Ir em missão internacional sempre foi um sonho, mas as responsabilidades nunca o permitiam. E assim, fui aprendendo a estar onde era mais preciso... Nas atividades do meu voluntariado semanal, em fins de semana de trabalho, missões nacionais, angariações de fundos, etc. Este ano, finalmente, tive a sorte de tudo se conjugar para que tivesse oportunidade de ir.

Macia foi a vila moçambicana onde estive em agosto e setembro com mais quatro voluntários, e onde pudemos Estar realmente na comunidade, testemunhando e contribuindo para o impacto que o GASPORTO tem em Moçambique.

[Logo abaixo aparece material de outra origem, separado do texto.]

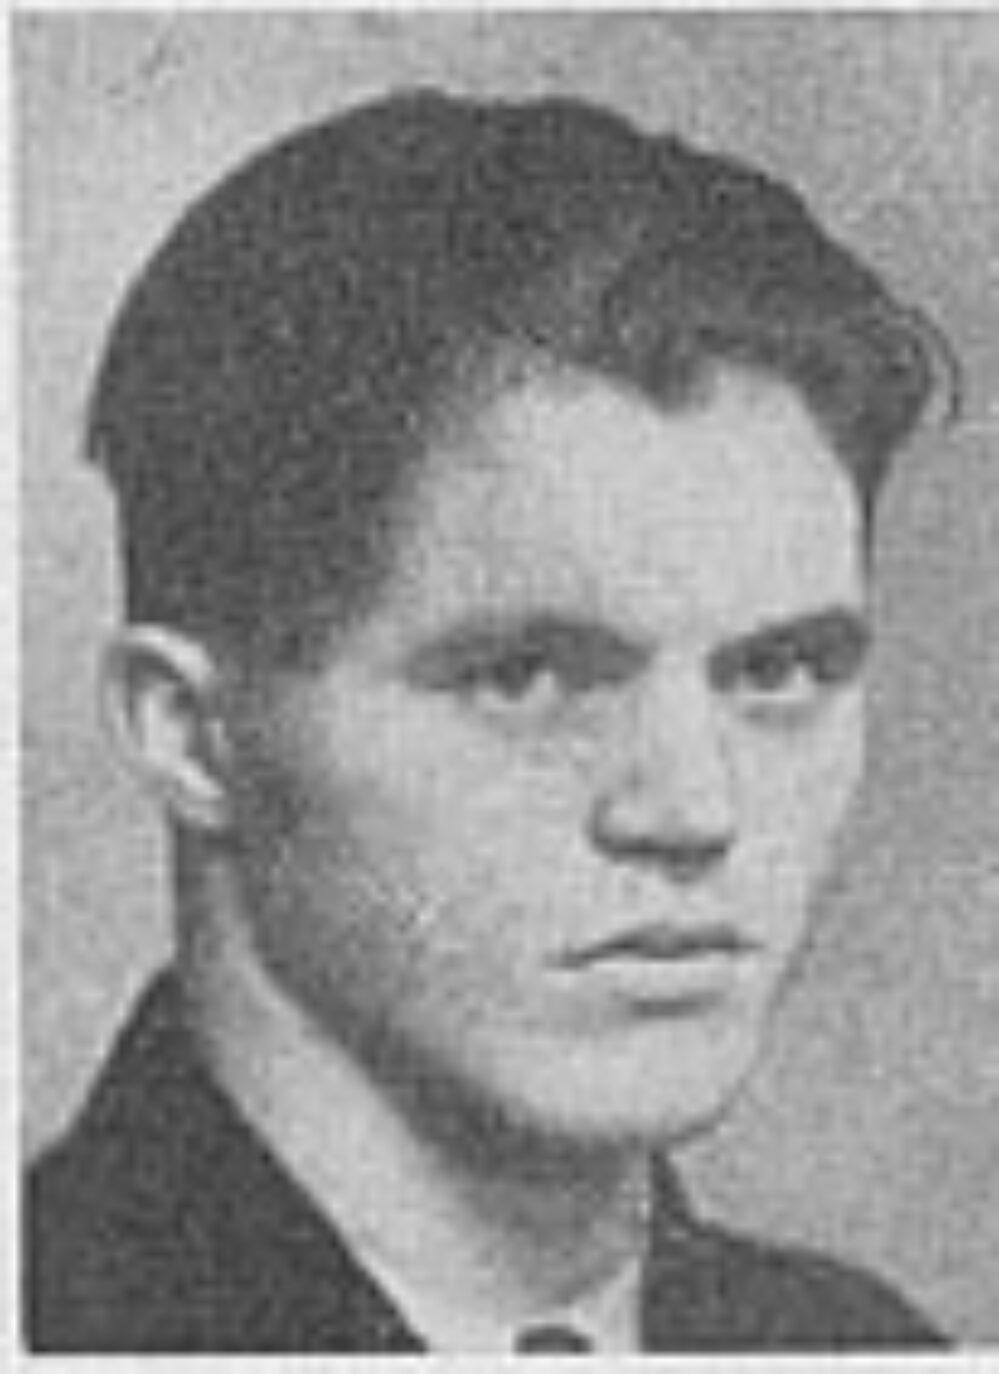 Ingvard Peder Olander Jørgensen

Durante os dois meses de missão, tivemos oportunidade de conhecer in loco os três Programas de Cooperação para o Desenvolvimento do GASPORTO: Crescer de Mãos Dadas, é um programa de apadrinhamento de crianças órfãs ou vulneráveis, que apoia cerca de 100 crianças e as suas famílias, garantindo o acesso à educação, à saúde e a bens primários, com acompanhamento contínuo do seu percurso escolar e familiar. Kukula é um centro de educação e de desenvolvimento infantil que integra quatro centros de explicações onde se pretende reforçar o ensino do Português e da Matemática, facilitando a aprendizagem das crianças. Pfuka U Famba (que significa Levanta-te e Anda, em changana) foi o primeiro programa a ser desenvolvido pelo GASPORTO em Moçambique. É um centro de reabilitação nutricional para crianças com subnutrição, sinalizadas pelos serviços de saúde locais, que providencia leite e papas enriquecidas e promove, junto das mamãs, formações regulares para a sua capacitação e autonomia.

Sempre em colaboração com os profissionais locais que trabalham ao longo do ano em cada um dos projetos, desenvolvemos formações e atividades para as mamãs e bebés do Pfuka, ajudamos na reabilitação e manutenção de alguns dos espaços e planeamos e desenvolvemos atividades e dias diferentes para as crianças do Kukula e para os afilhados do Crescer de Mãos Dadas. Desta forma, pudemos perceber o impacto que o GASPORTO tem na Macia e testemunhar em primeira mão a diferença que faz na vida das centenas destes bebés, crianças e jovens. Algo que não temos noção, verdadeiramente, por mais que ouçamos os relatos.

Servir numa realidade tão diferente da nossa é perspetivar tudo o que somos e temos, através de uma oportunidade de crescimento inacreditável, com ensinamentos marcantes para a vida. Marcou-me, sem dúvida, a simplicidade da vida. Aperceber-me o quão em excesso vivemos. Aprendi que precisamos de tão pouco. Marcaram-me as mulheres. As mamãs guerreiras, cheias de matimba (força). As mamãs cuidadoras, que não têm filhos e, nem por isso, deixam de ser mães.

As chefes de família, as trabalhadoras, as provedoras dos lares. Todas as que trabalham de sol a sol e que, mesmo assim, têm tempo para parar. E saudar. E cantar. E dançar. E confiar. E fazer-nos sentir parte da família.

Marcaram-me as pegadas no chão. Os sorrisos. Mesmo aqueles que escondem um olhar triste, sofrido.

Marcou-me o calor da terra nos pés. O caminhar sem óculos de sol e sem música, sem ruído a distrair-me do que se passa à minha volta. As cores das capulanas.

Marcaram-me as maravilhosas particularidades desta comunidade… a maneira de falar e de comunicar, o tempo que reservam para saudar. As conversas inesperadas com desconhecidos. O ritmo moçambicano. O tempo.

Regressei com a certeza de que deixei lá muito de mim, naquela que foi e será agora, para sempre, a minha (nossa) casa. Trouxe comigo muitas aprendizagens, muito amor, muita partilha. Muita saudade. Mas acima de tudo, muita gratidão pela oportunidade de servir e de crescer… com o GASPORTO.”